46 × 42 = 46 × (7 × 6) = (46 × 7) × 6 = 322 × 6 = 1932

Of course, this problem could also have been solved by reversing the factors of 42:

46 × 42 = 46 × (6 × 7) = (46 × 6) × 7 = 276 × 7 = 1932

In this case, it is easier to multiply 322 × 6 than it is to multiply 276 × 7. In most cases, I like to use the larger factor in solving the initial 2-by-1 problem and to reserve the smaller factor for the 3-by-1 component of the problem.

Factoring results in a 2-by-2 multiplication problem being simplified to an easier 3-by-1 (or sometimes 2-by-1) multiplication problem. The advantage of the factoring method in mental calculation is you do not have to hold much in memory. Let’s look at another example, 75 × 63:

75 × 63 = 75 × (9 × 7) = (75 × 9) × 7 = 675 × 7 = 4725

As before, you simplify this 2-by-2 problem by factoring 63 into 9 × 7 and then multiplying 75 by these factors. (By the way, the reason we can shift parentheses in the second step is the associative law of multiplication.)

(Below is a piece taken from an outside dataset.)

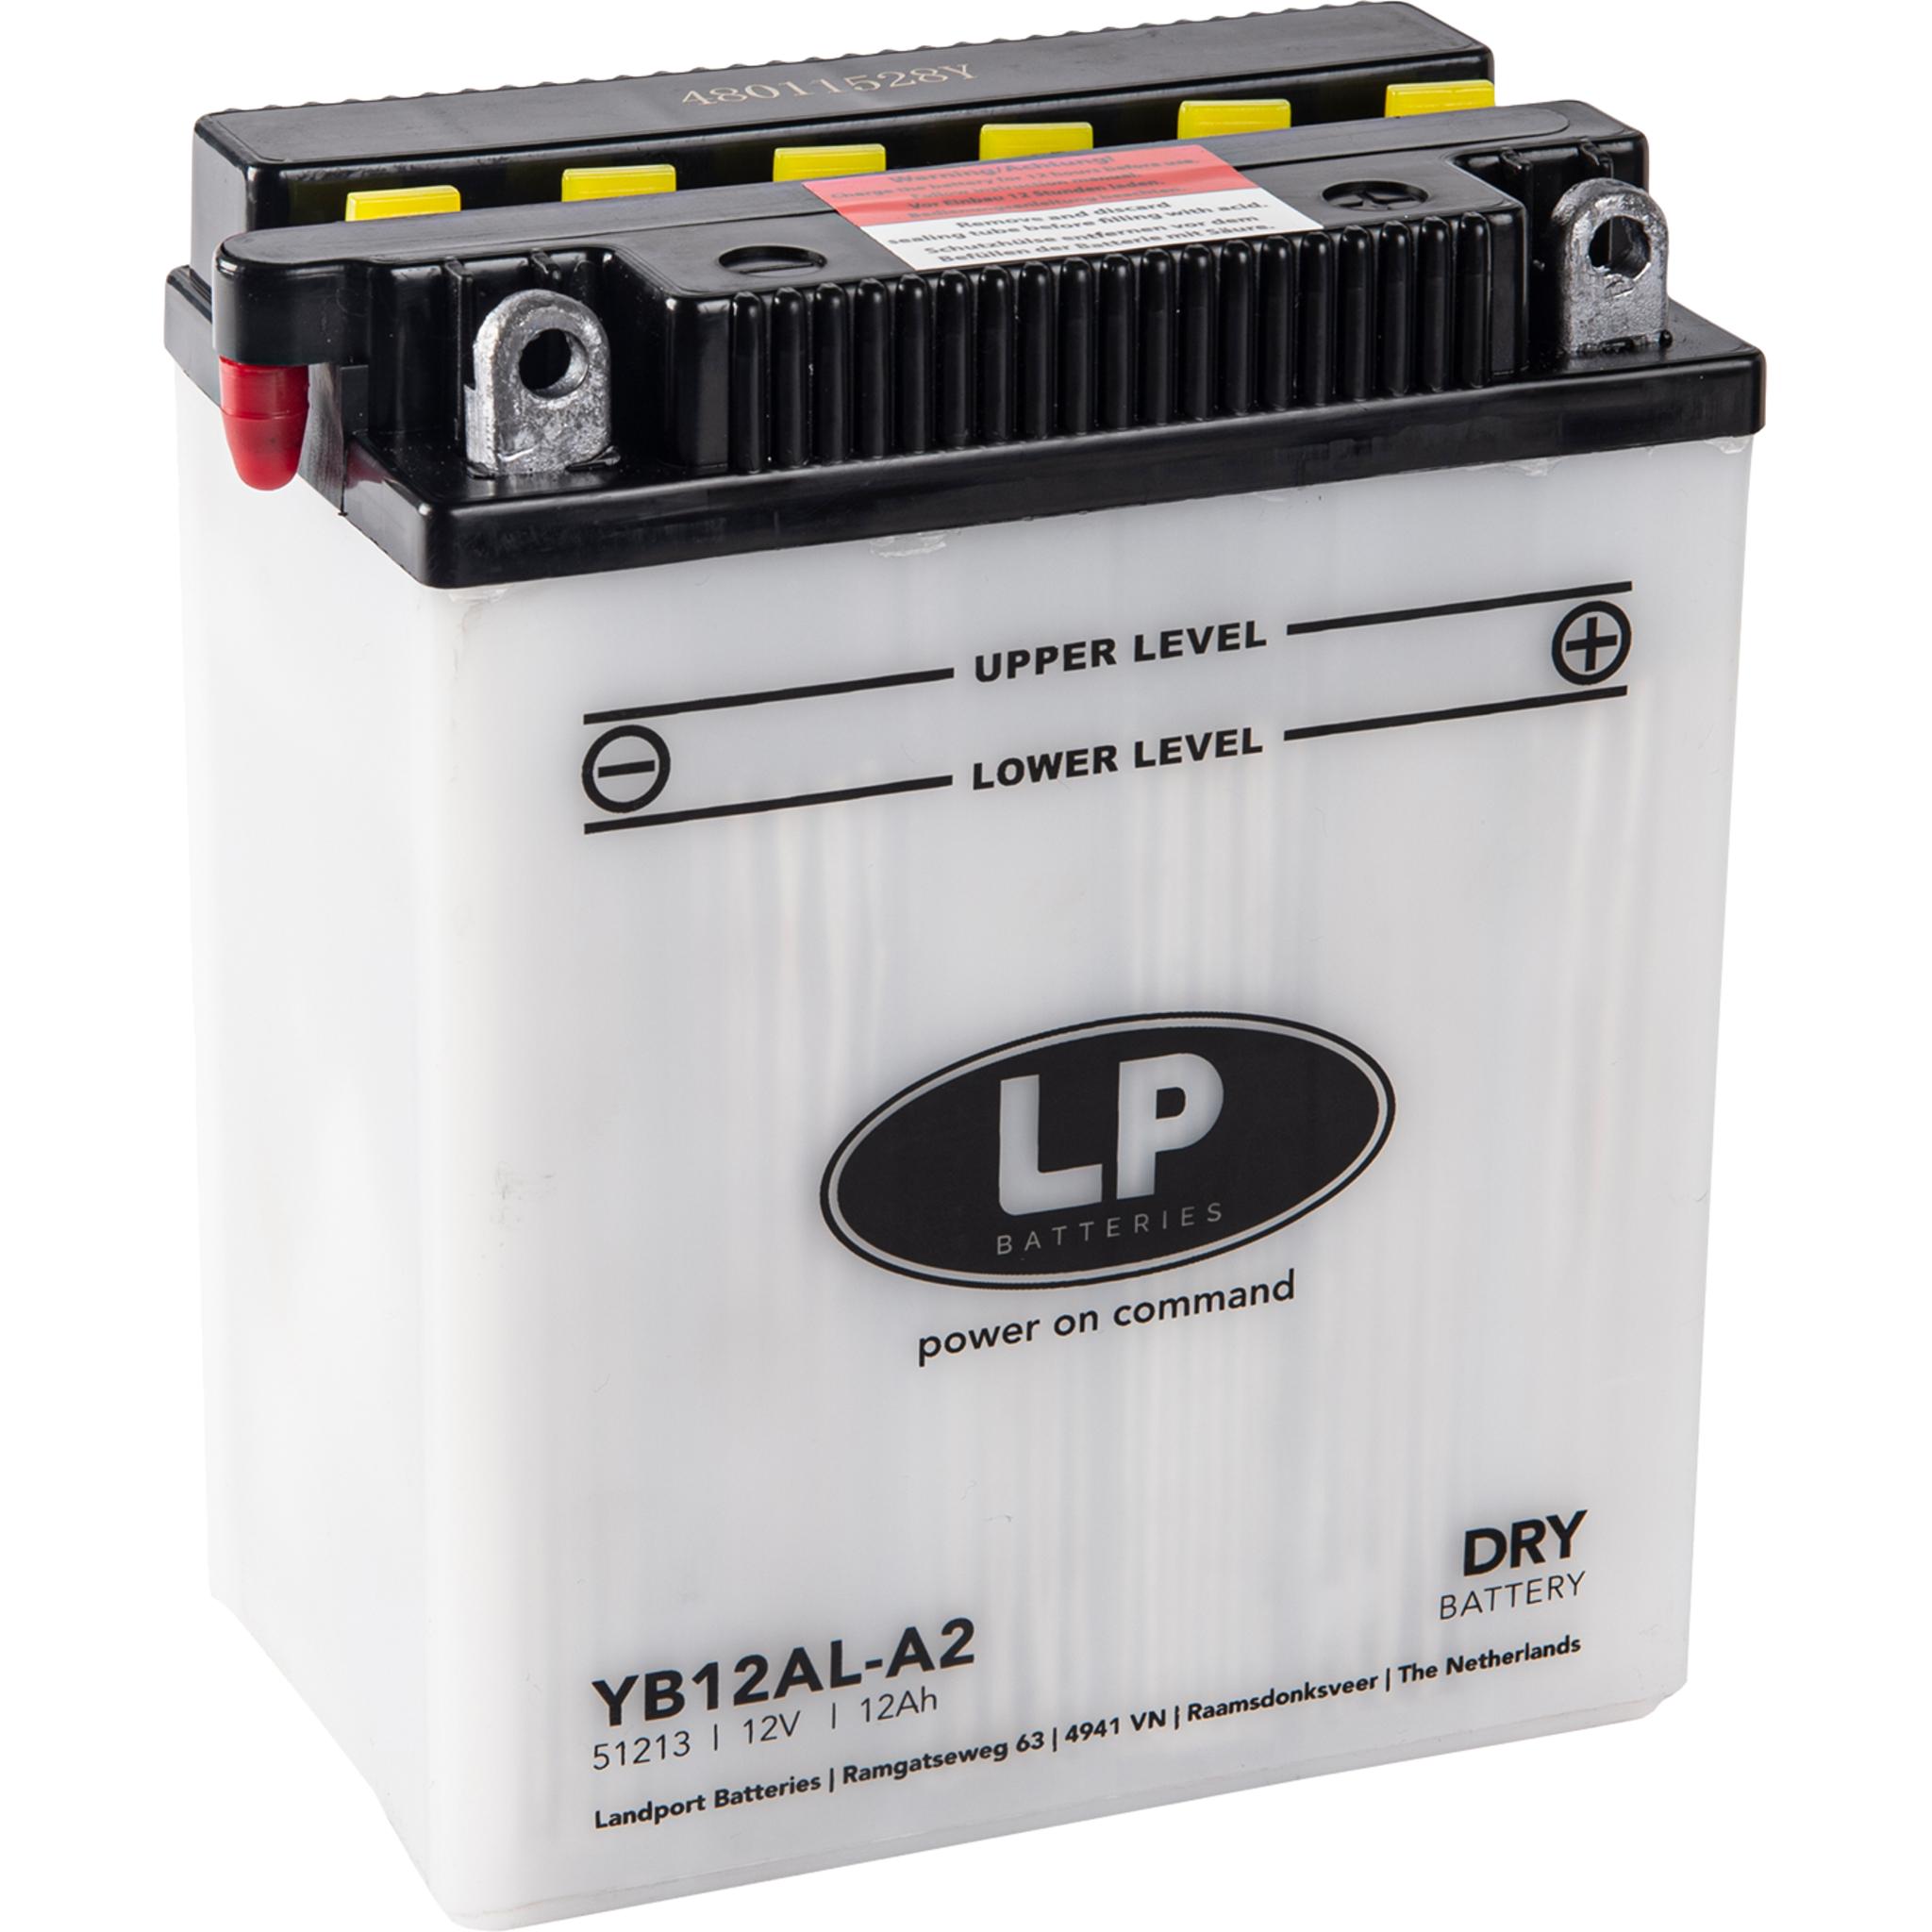 Аккумулятор Landport YB12AL-A2, 12V, DRY
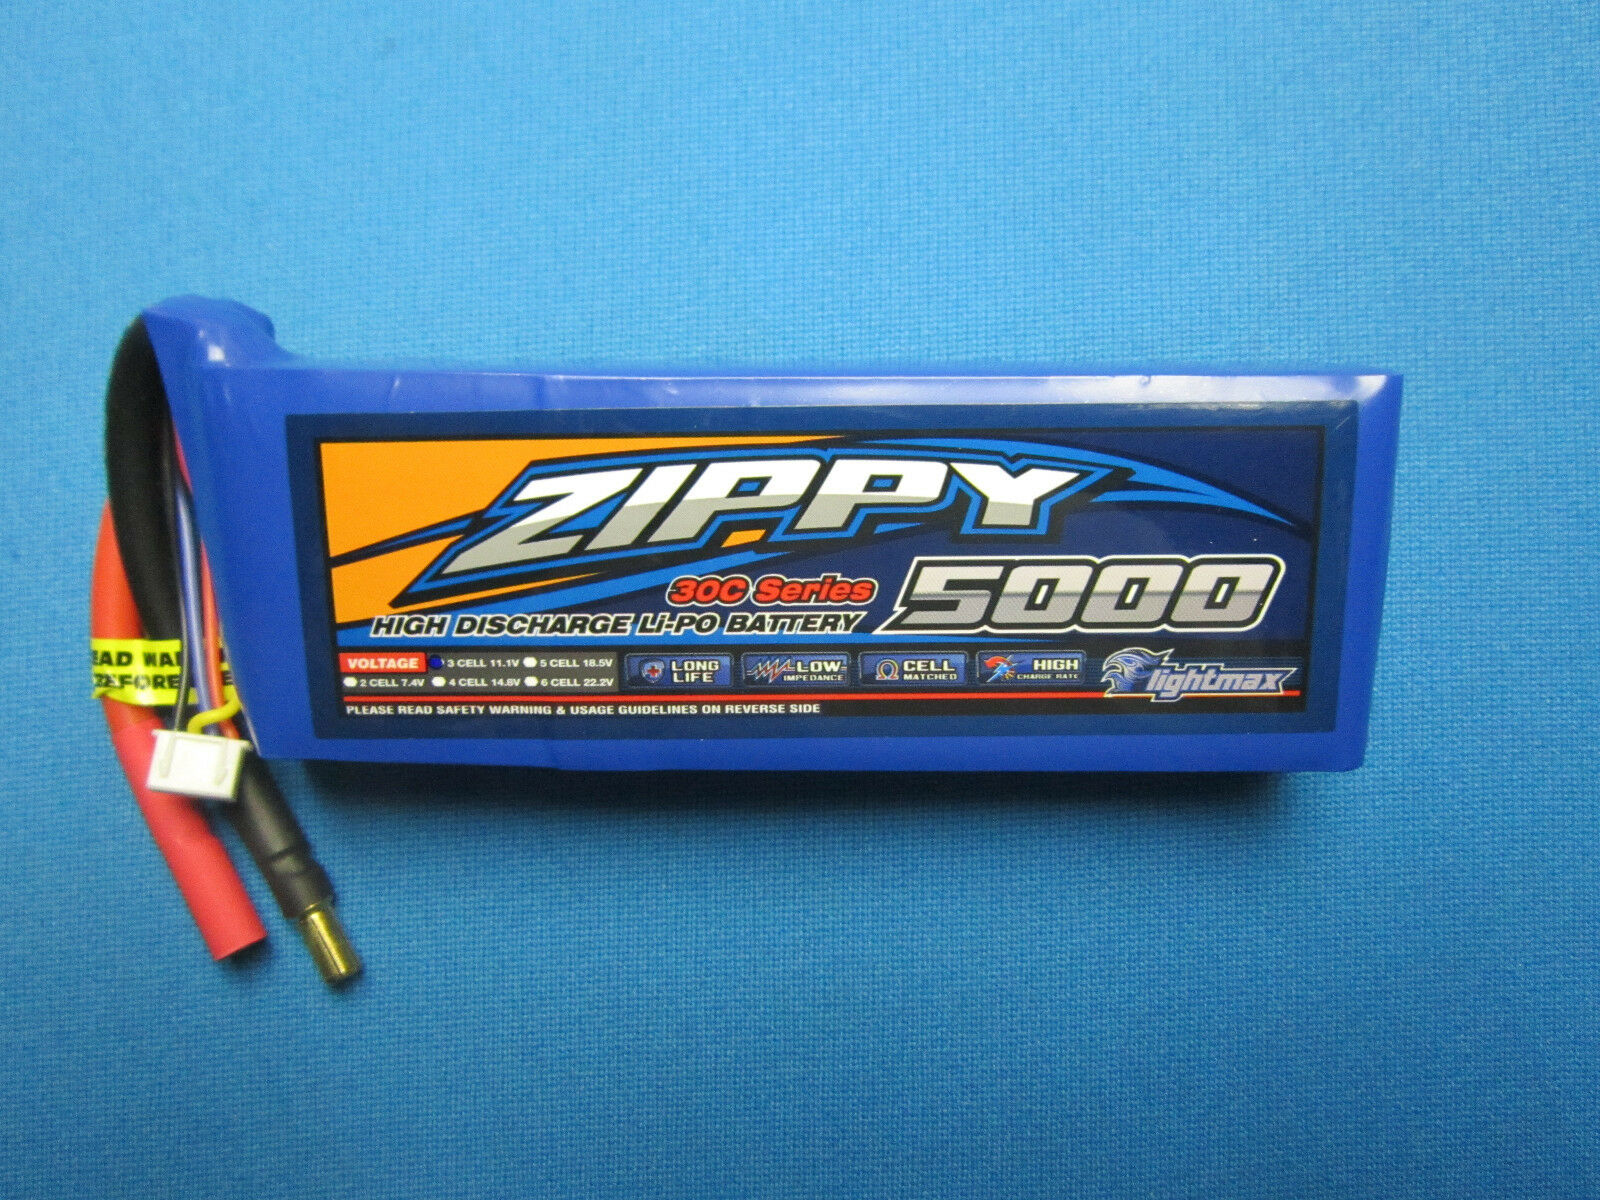 ZIPPY 5000mAh 3S 11.1V 30C 40C LIPO BATTERY 5.5MM BUGGY TRUC

63 × 75 = 63 × (5 × 5 × 3) = (63 × 5) × 5 × 3 = 315 × 5 × 3 = 1575 × 3 = 4725

Try the following problem for practice:

57 × 24 = 57 × 8 × 3 = 456 × 3 = 1368

You could have factored 24 as 6 × 4 for another easy computation:

57 × 24 = 57 × 6 × 4 = 342 × 4 = 1368

Compare this approach with the addition method:

With the addition method, you have to perform two 2-by-1 problems and then add. With the factoring method, you have just two multiplication problems: a 2-by-1 and a 3-by-1, and then you are done. The factoring method is usually easier on your memory.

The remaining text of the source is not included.